Fatalities vs False Positives
In any statistical system, like the classification algorithm running inside self-driving cars, you run the risk of making two distinct types of mistake: detecting a bike and braking when there is none, and failing to detect a bike when one is there. Imagine you’re tuning one of these algorithms to drive on the street. If you set the threshold low for declaring that an object is a bike, you’ll make many of the first type of errors — false positives — and you’ll brake needlessly often. If you make the threshold for “bikiness” higher to reduce the number of false positives, you necessarily increase the risk of missing some actual bikes and make more of the false negative errors, potentially hitting more cyclists or cement barriers.
It may seem cold to couch such life-and-death decisions in terms of pure statistics, but the fact is that there is an unavoidable design tradeoff between false positives and false negatives. The designers of self-driving car systems are faced with this tough choice — weighing the everyday driving experience against the incredibly infrequent but much more horrific outcomes of the false negatives. Tesla, when faced with a high false positive rate from the radar, opts to rely more on the computer vision system. Uber, whose LIDAR system apparently generates too-frequent emergency braking maneuvers, turns the system off and puts the load directly on the driver.

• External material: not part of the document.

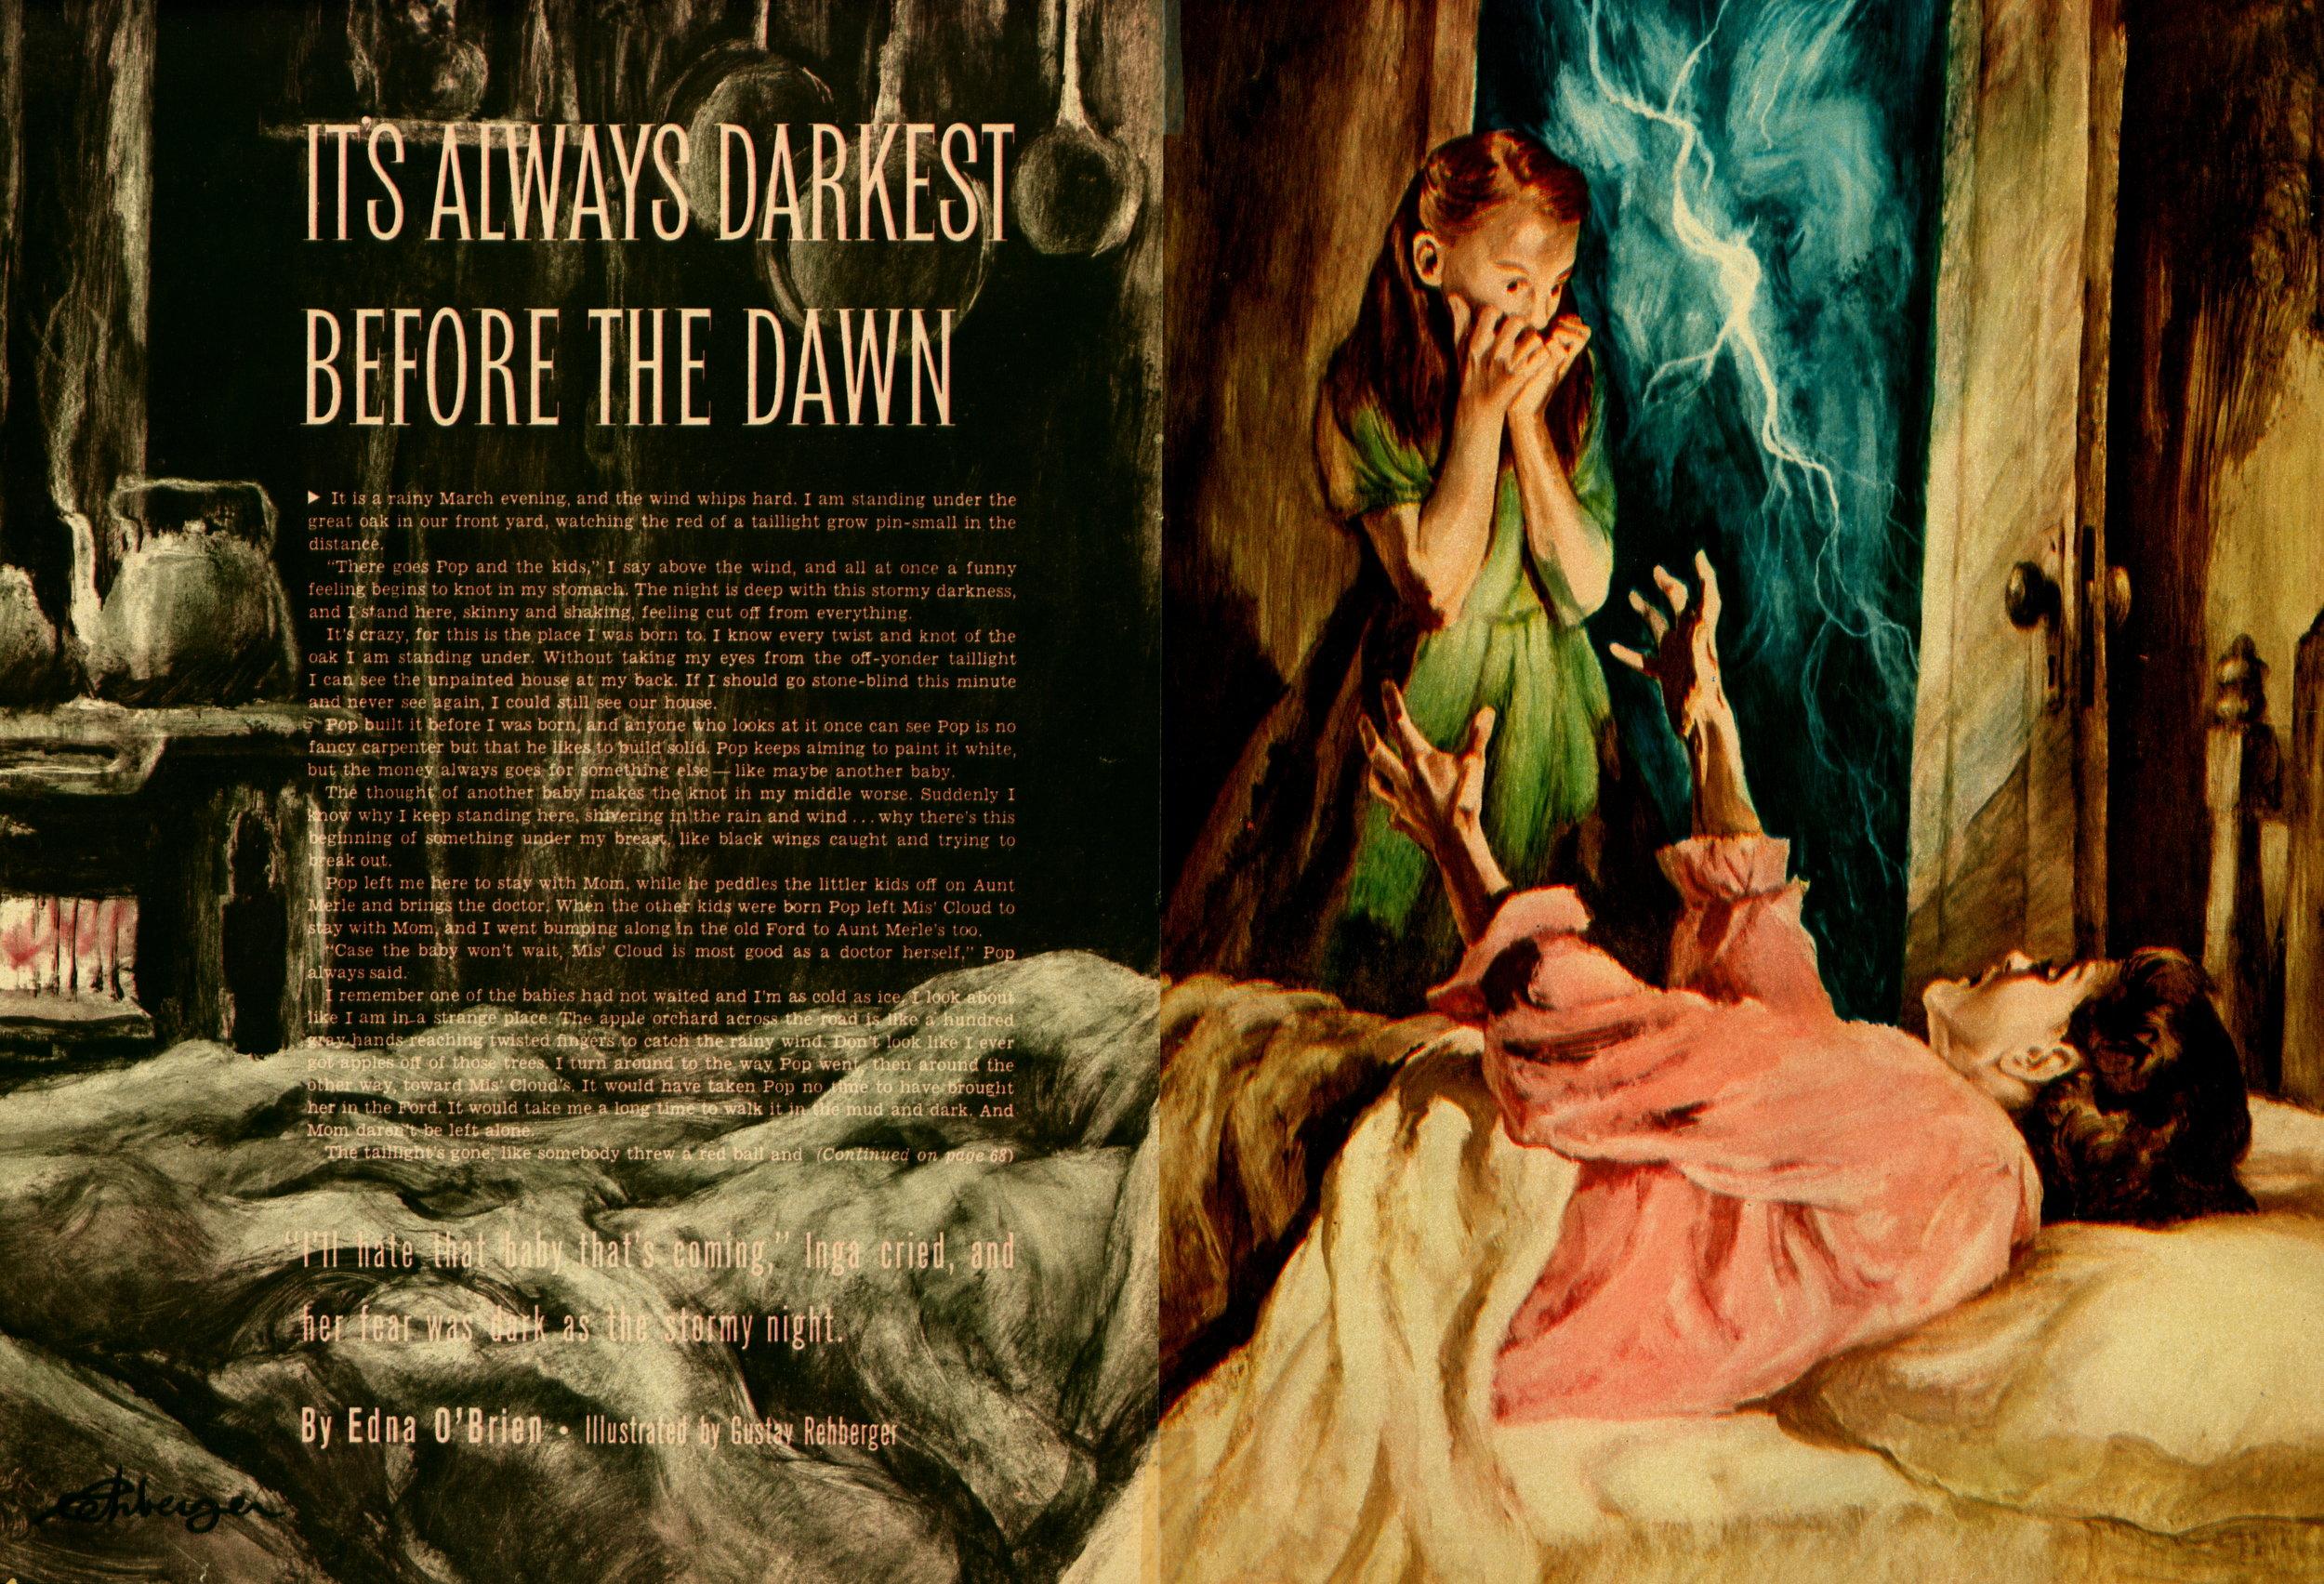 February 1956 - It's Always Darkest Before the Dawn

And of course, there are hazards posed by an overly high rate of false positives as well: if a car ahead of you inexplicably emergency brakes, you might hit it. The effect of frequent braking is not simply driver inconvenience, but could be an additional cause of accidents. (Indeed, Waymo and GM’s Cruise autonomous vehicles get hit by human drivers more often than average, but that’s another story.) And as self-drivers get better at classification, both of these error rates can decrease, potentially making the tradeoff easier in the future, but there will always be a tradeoff and no error rate will ever be zero.

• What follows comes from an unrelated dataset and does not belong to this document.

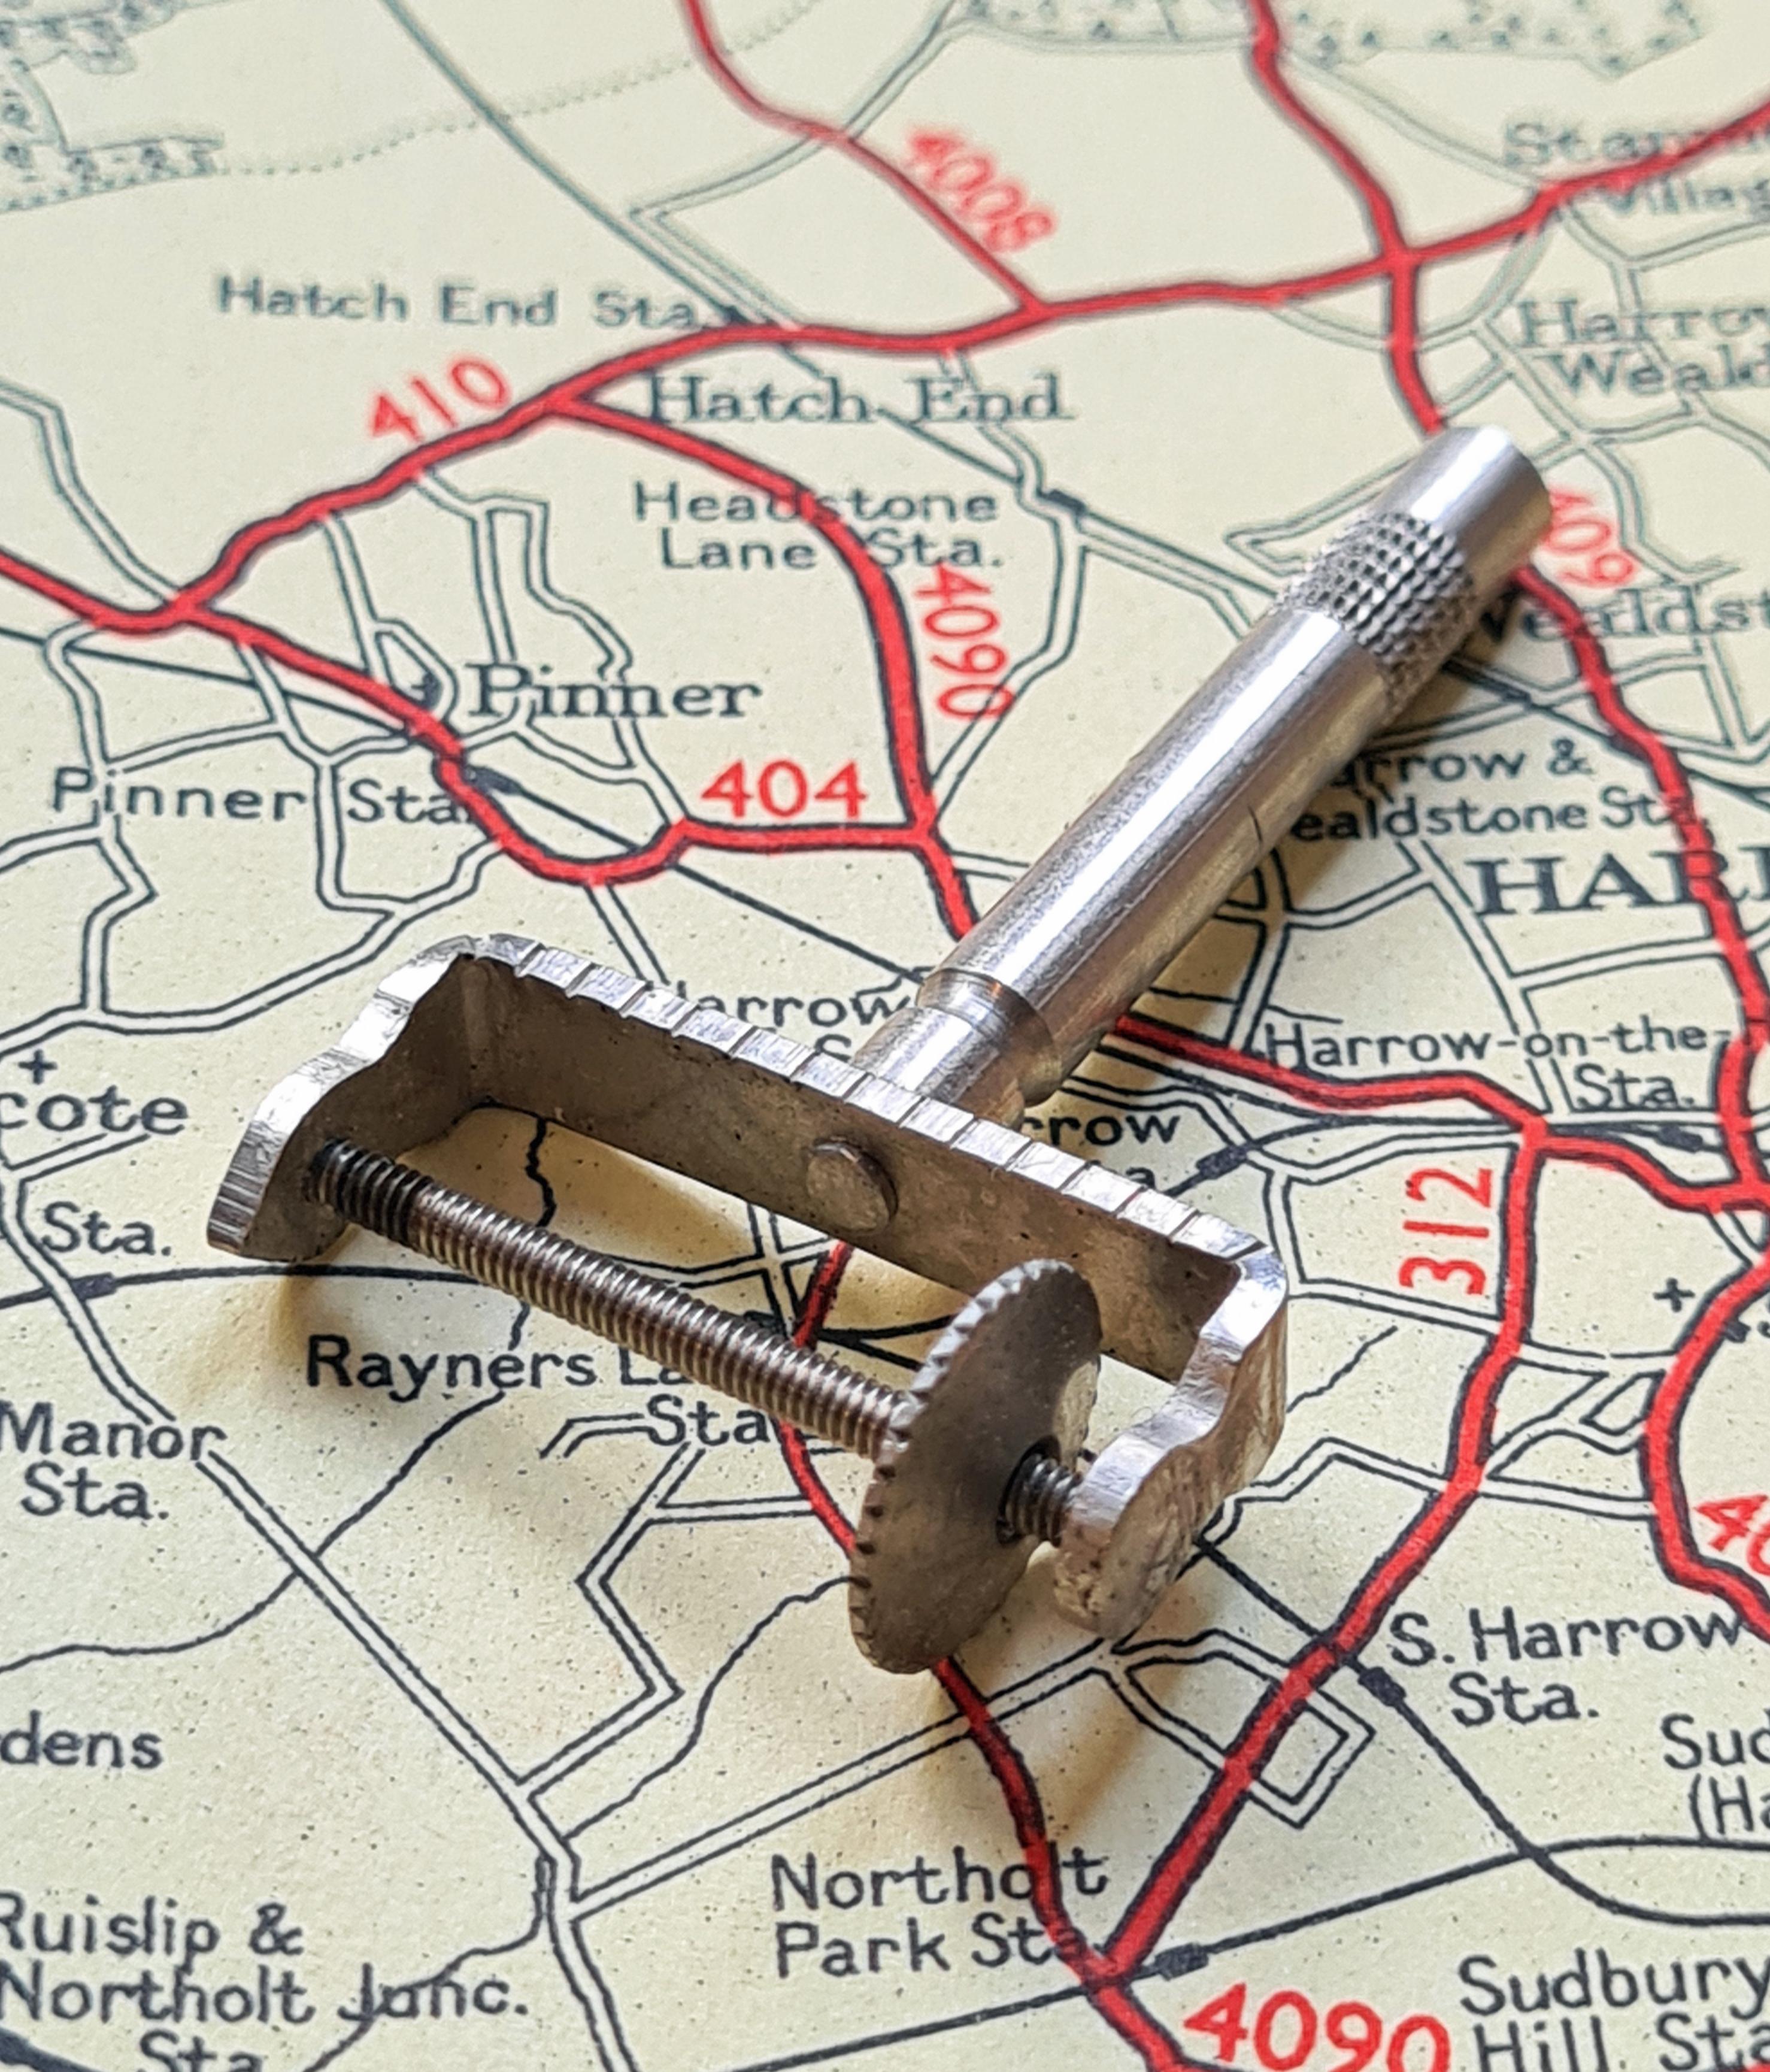 Philips' Universal Map Measurer

Without access to the numbers, we can’t really even begin to judge if Tesla’s or Uber’s approaches to the tradeoff are appropriate. Especially because the consequences of false negatives can be fatal and involve people other than the driver, this tradeoff effects everyone and should probably be more transparently discussed. If a company is playing fast and loose with the false negatives rate, drivers and pedestrians will die needlessly, but if they are too strict the car will be undriveable and erratic. Both Tesla and Uber, when faced with this difficult tradeoff, punted: they require a person to watch out for the false negatives, taking the burden off of the machine.